Data extract —
====

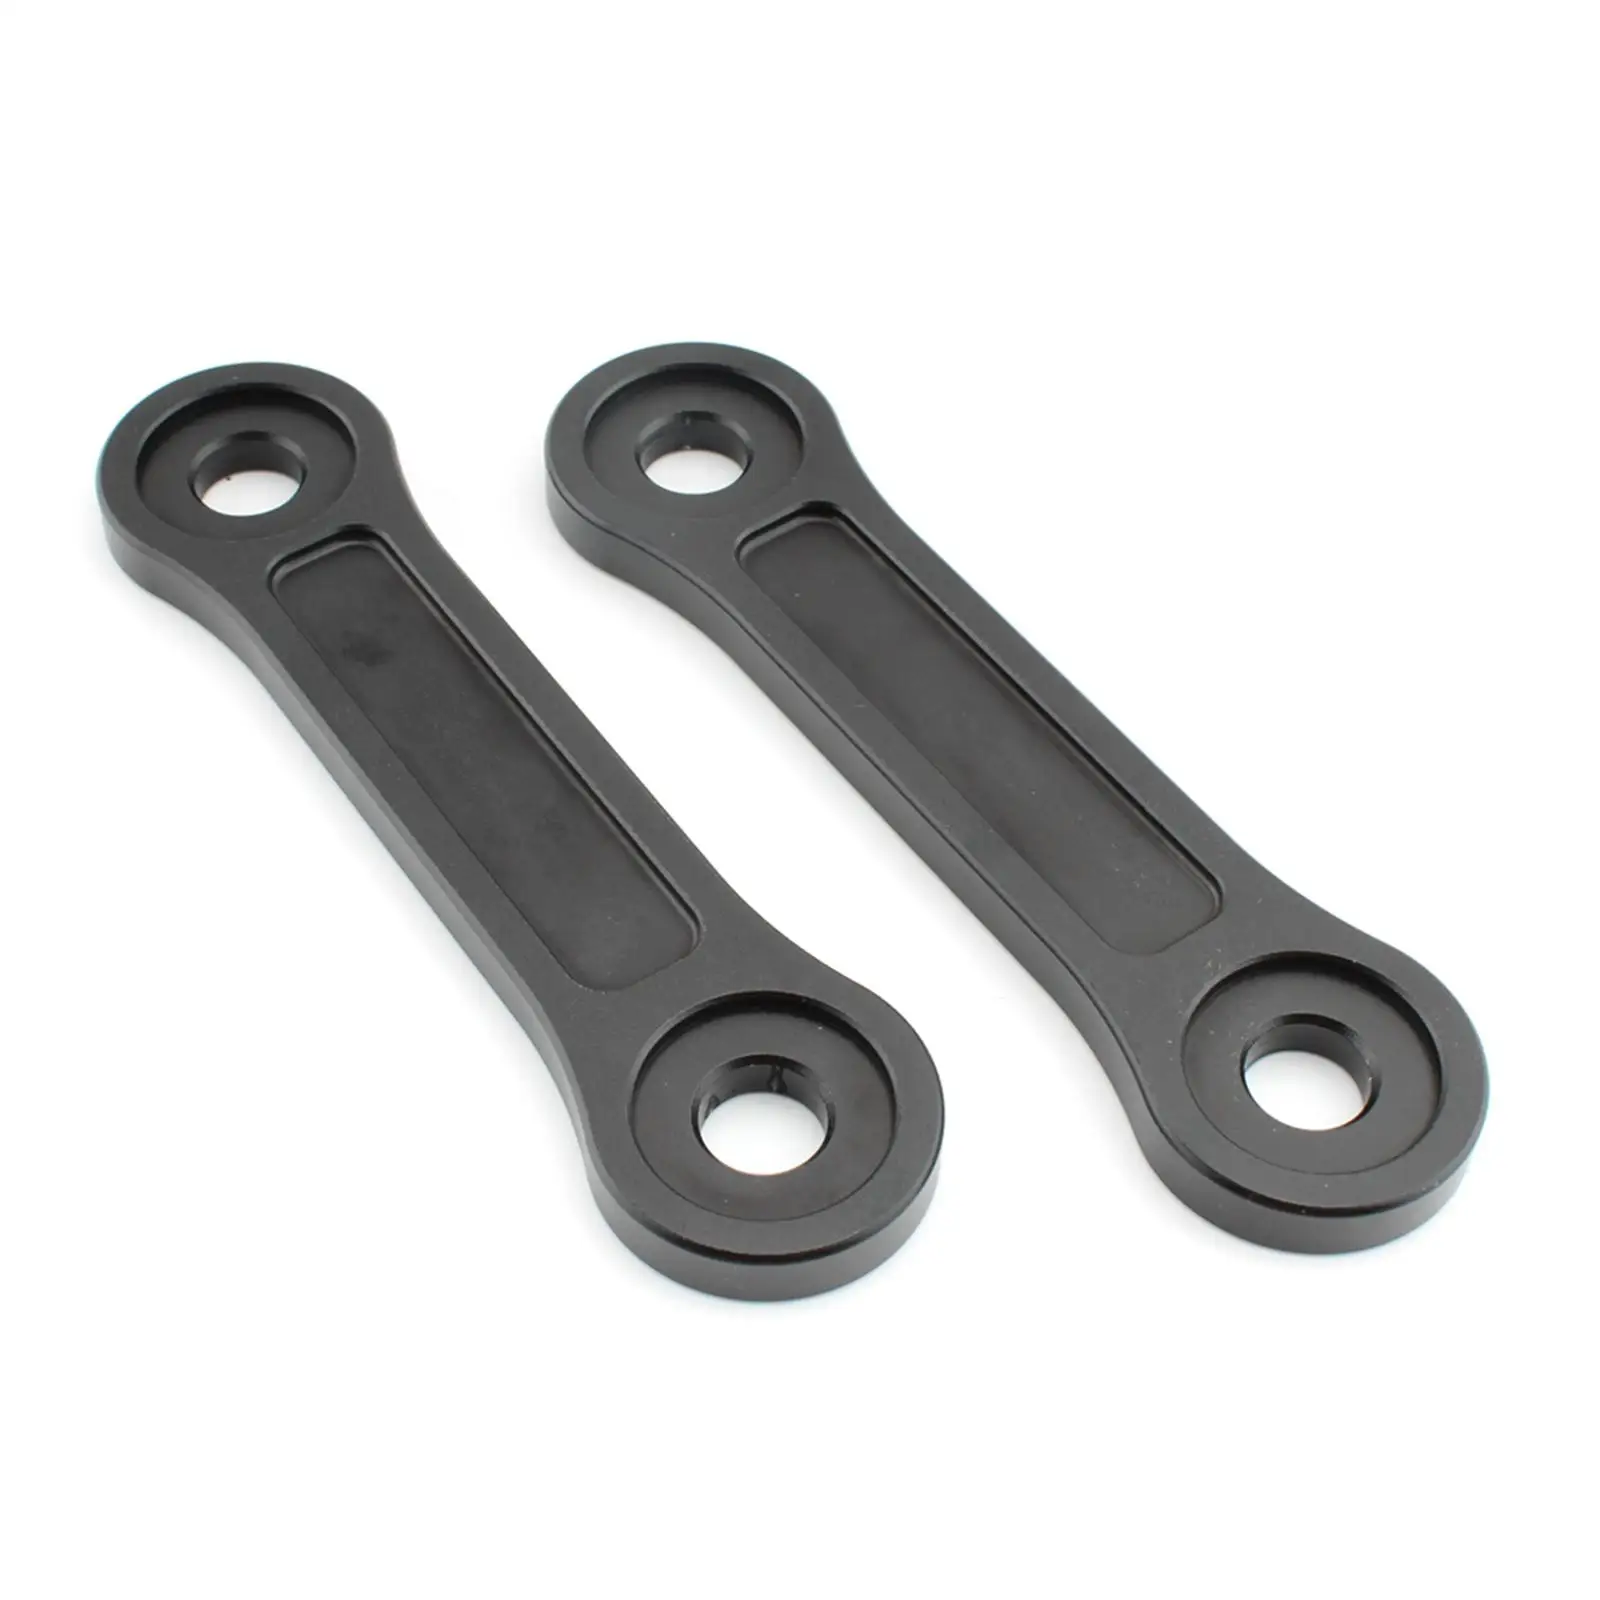 2 Pieces Motorcycle Lowering Links Kit Motorbike Accessory Black Sturdy Aluminium Alloy Dog Bones Linkages for Tiger 1200
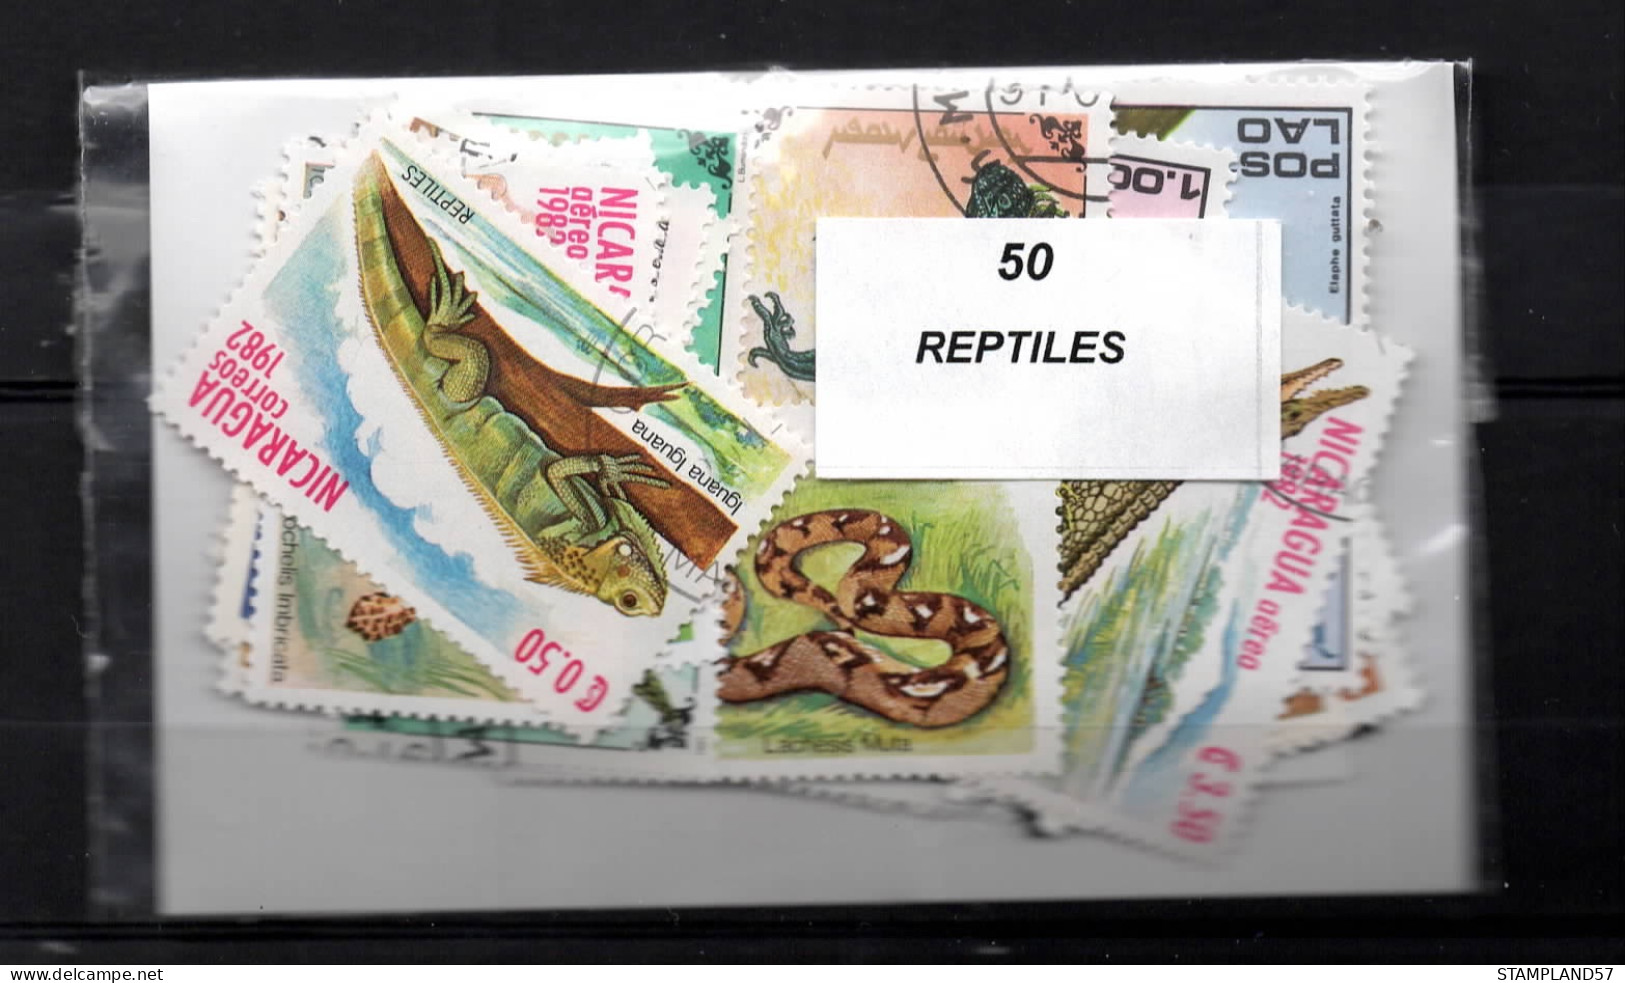 Reptiles - 50 Timbres Différents - Tous Pays - Snakes
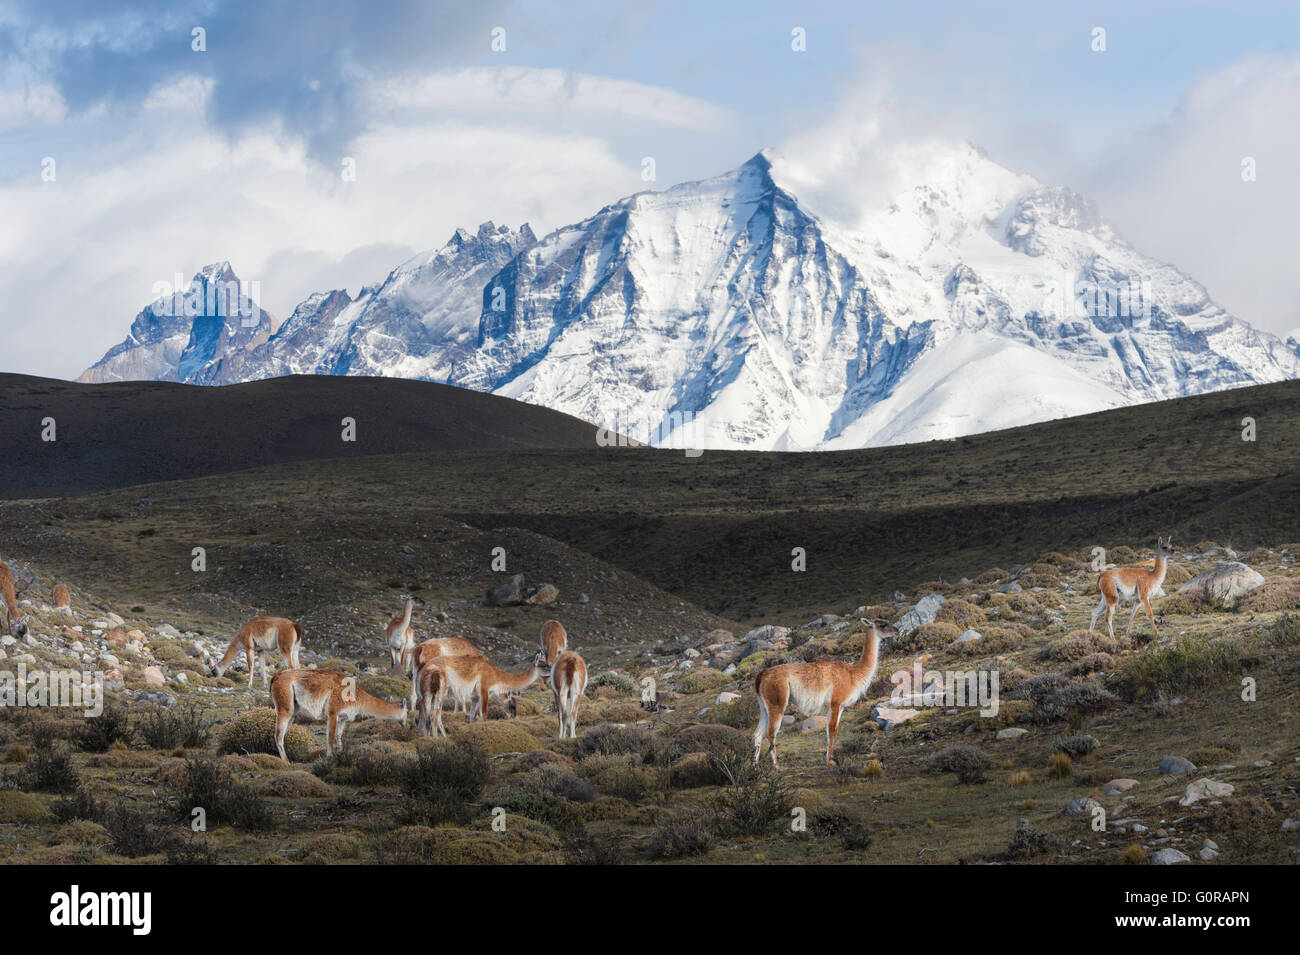 Guanacos (Lama guanicoe) on a ridge in front of snow-capped mountains, Torres del Paine National Park, Chilean Patagonia, Chile Stock Photo

====

Brief — Pictures stay out. Copy exactly, and only, the lines from the one containing "Reptiles - 50" through the end of the data.

Problem solution —
 Reptiles - 50 Timbres Différents - Tous Pays - Snakes
 Guanacos (Lama guanicoe) on a ridge in front of snow-capped mountains, Torres del Paine National Park, Chilean Patagonia, Chile Stock Photo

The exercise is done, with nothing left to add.